RECORDED INFORMATION:

>>>

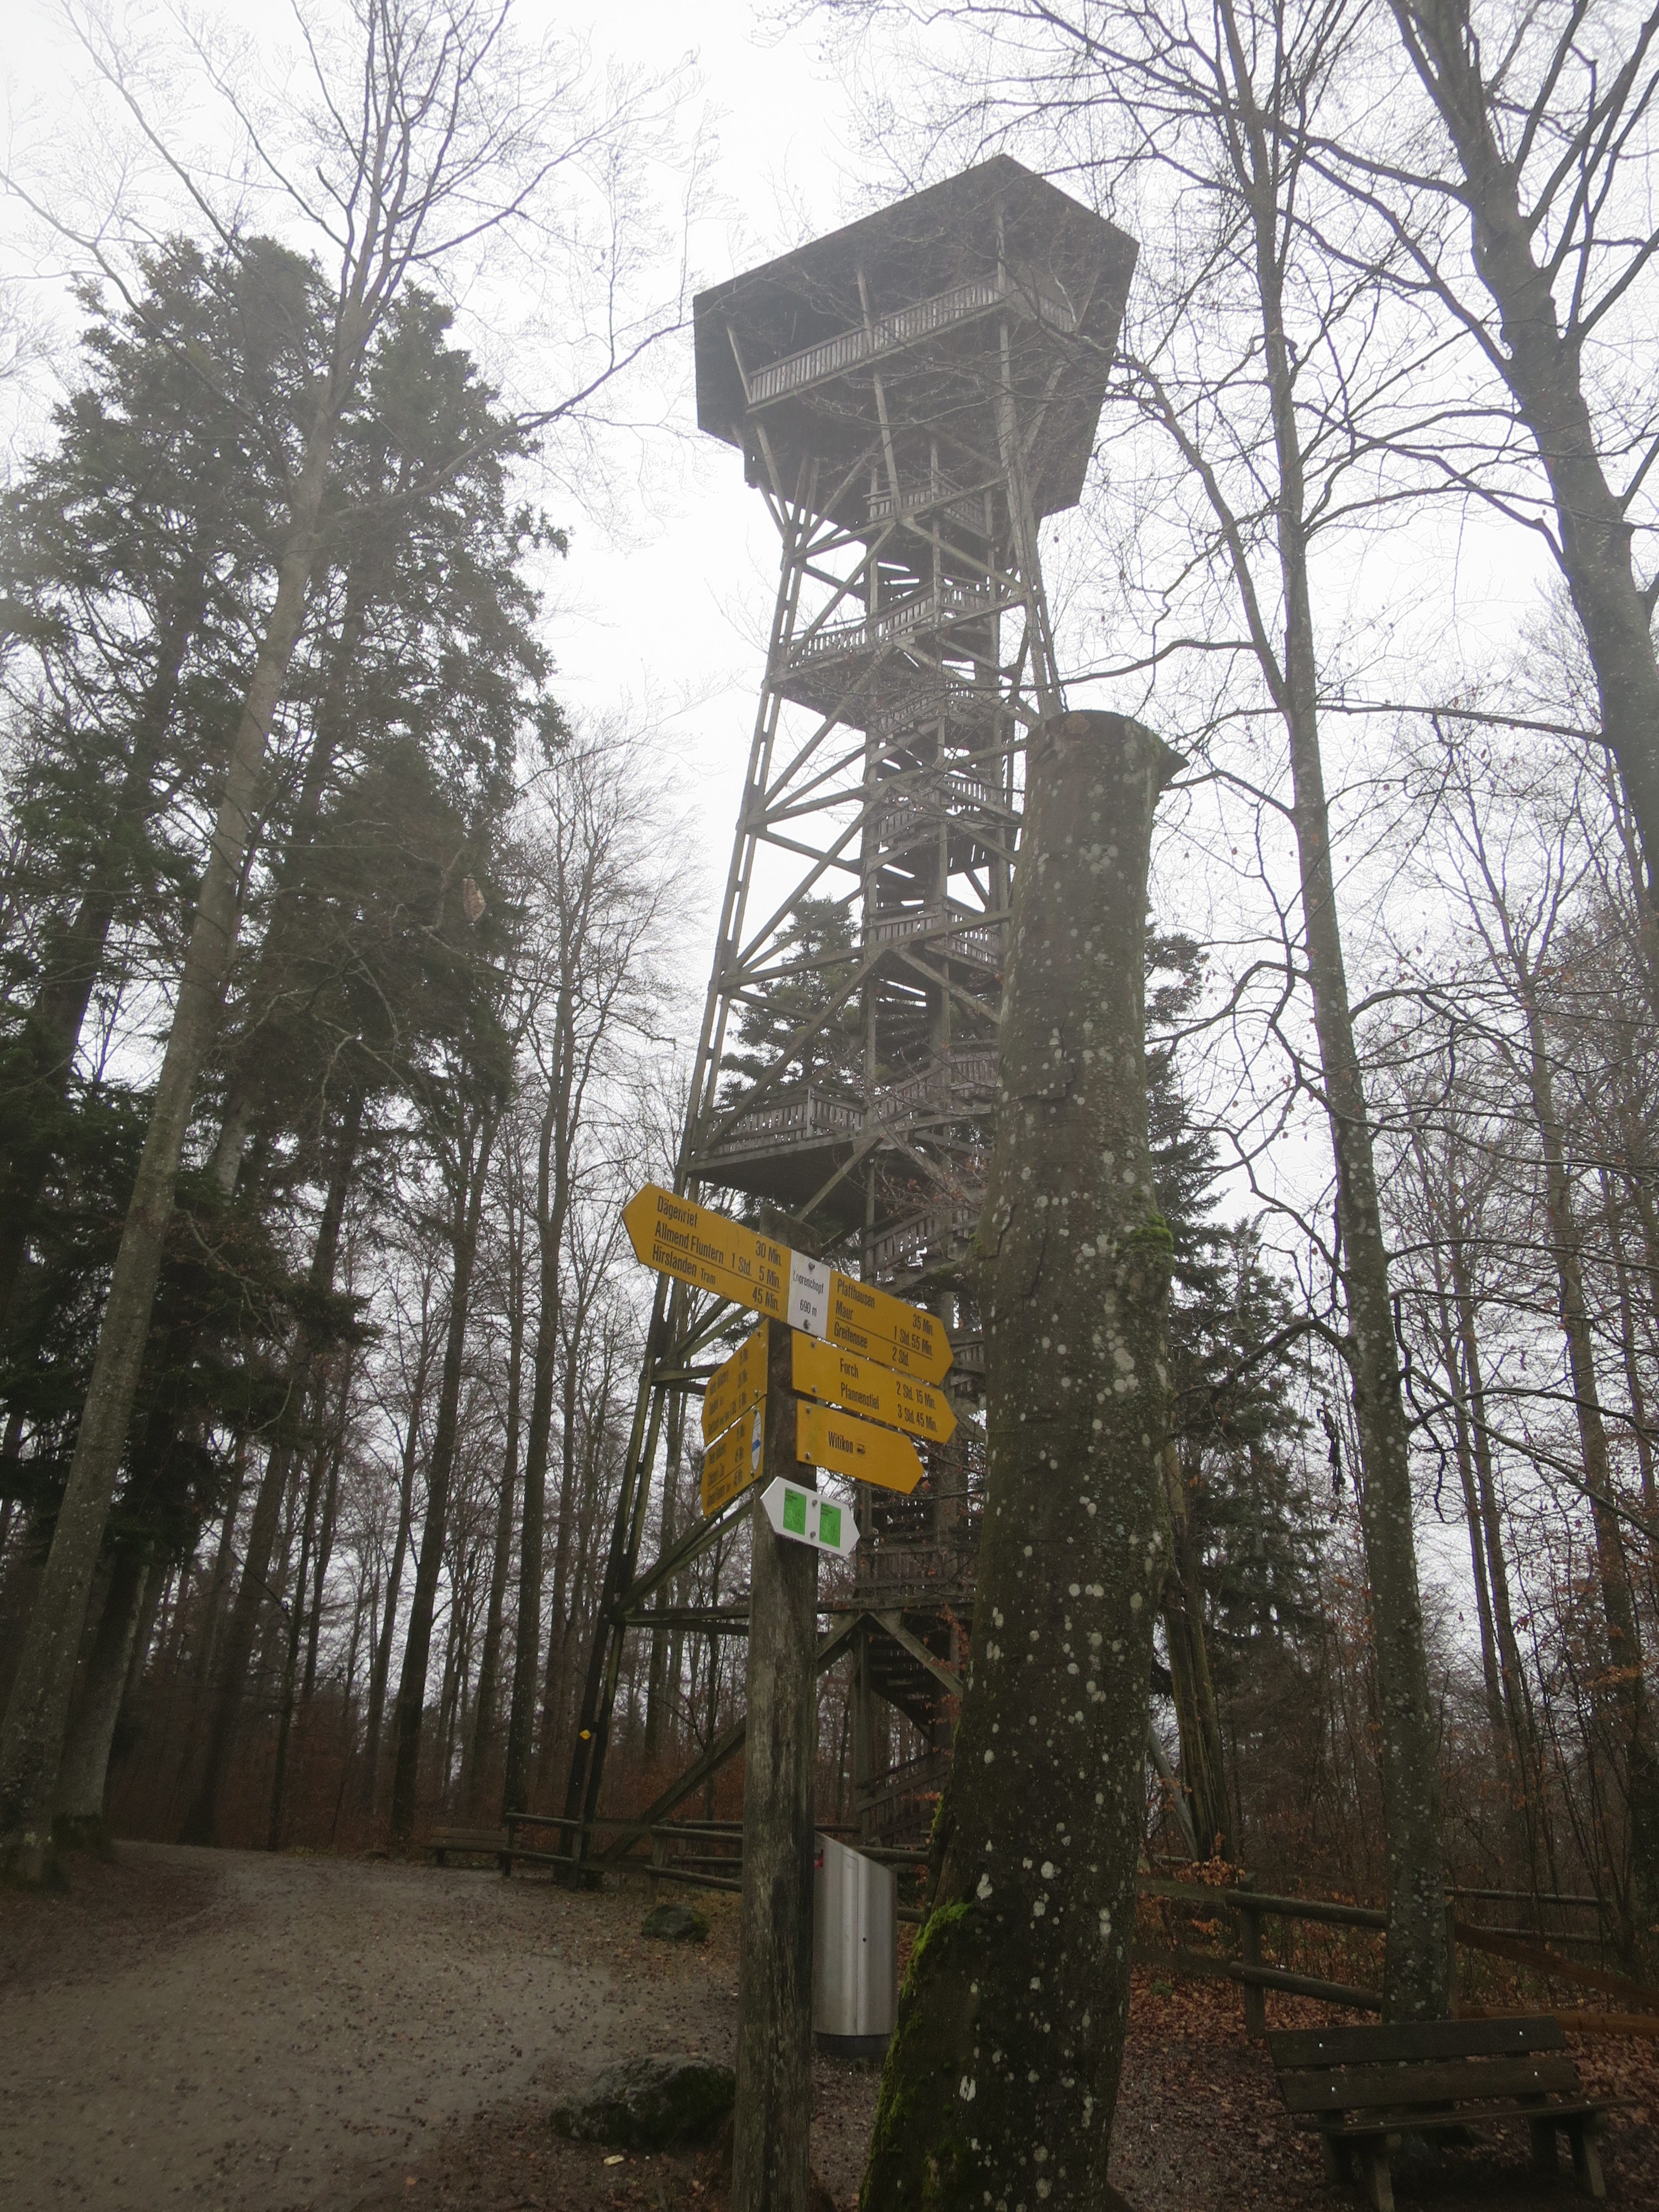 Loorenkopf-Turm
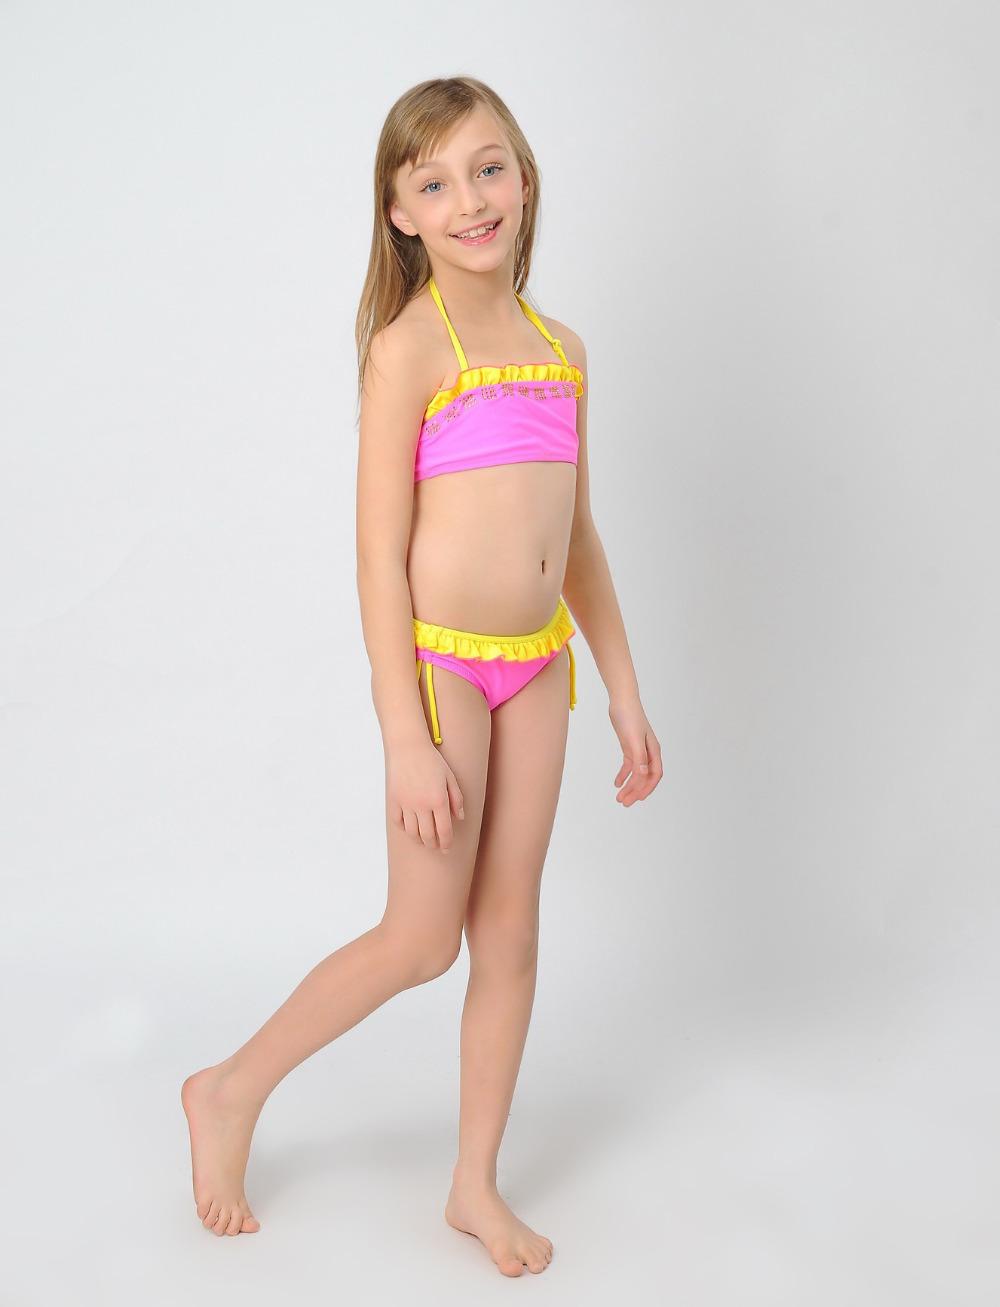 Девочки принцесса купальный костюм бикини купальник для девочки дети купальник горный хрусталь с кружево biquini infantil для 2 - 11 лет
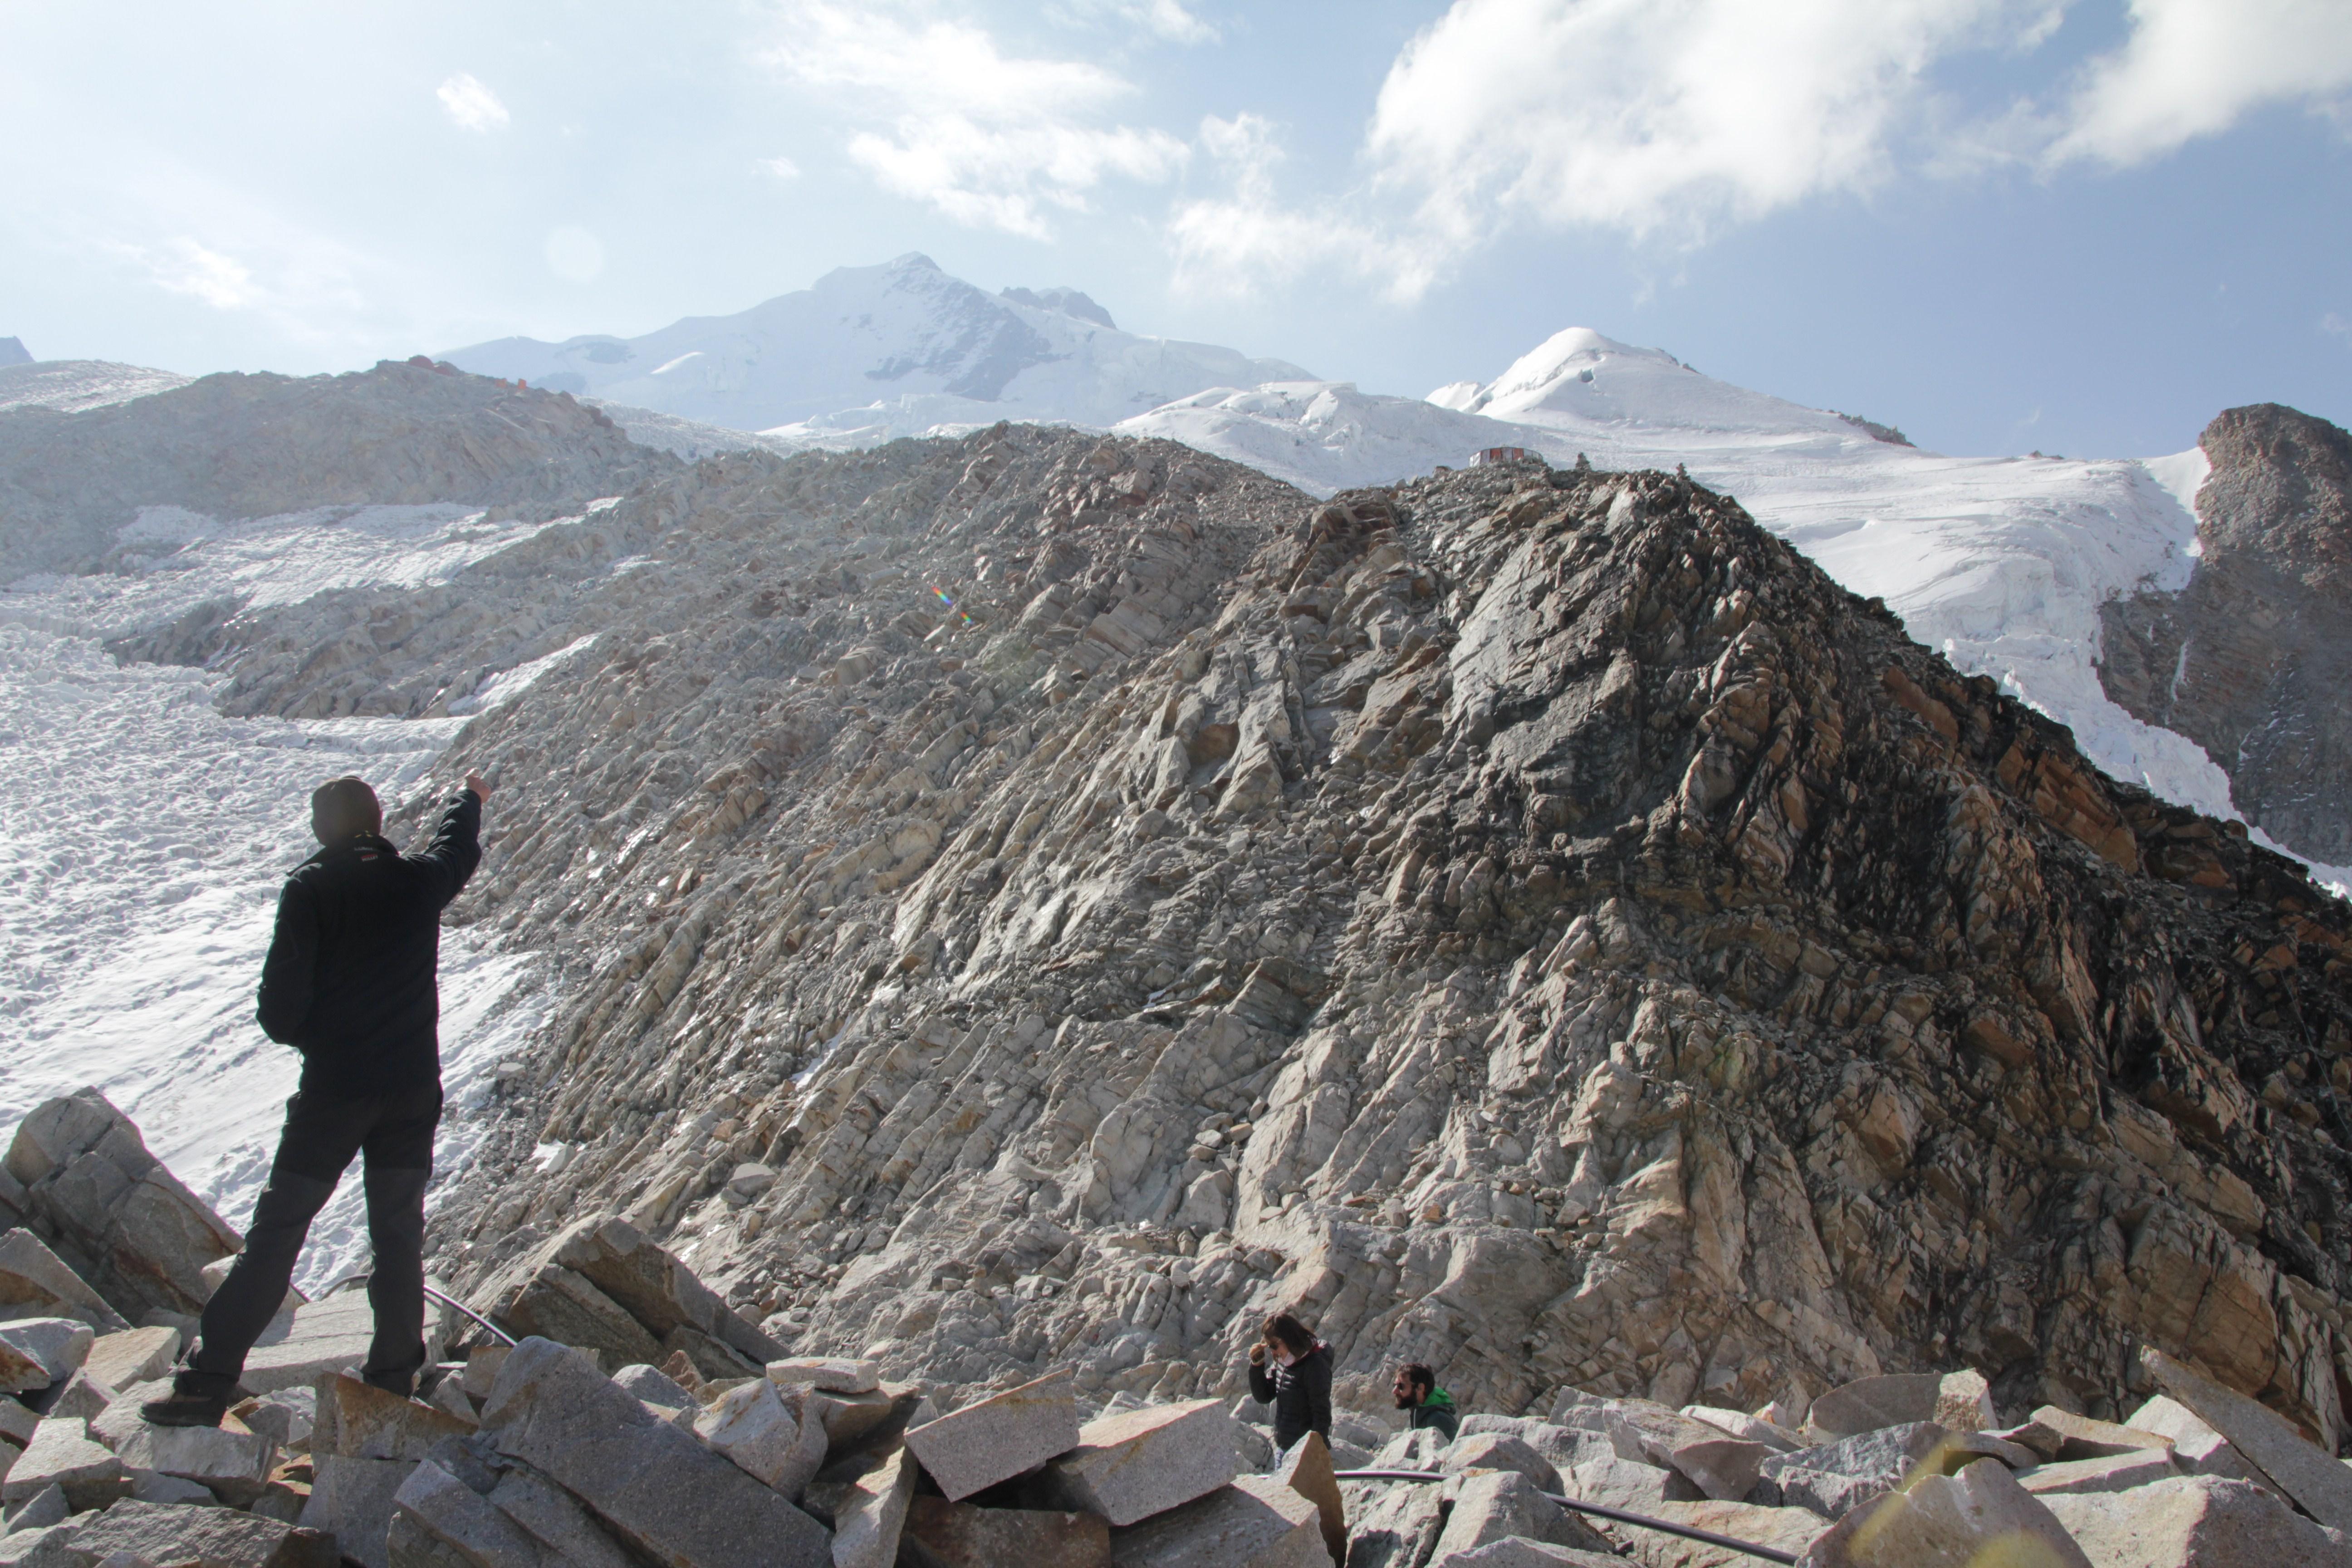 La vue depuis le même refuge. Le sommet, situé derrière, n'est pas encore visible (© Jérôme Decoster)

<<<

WORK TO BE COMPLETED: Please leave the images out and retype the rest of the material exactly.

SOLVED EXERCISE:
 Loorenkopf-Turm
 Девочки принцесса купальный костюм бикини купальник для девочки дети купальник горный хрусталь с кружево biquini infantil для 2 - 11 лет
 La vue depuis le même refuge. Le sommet, situé derrière, n'est pas encore visible (© Jérôme Decoster)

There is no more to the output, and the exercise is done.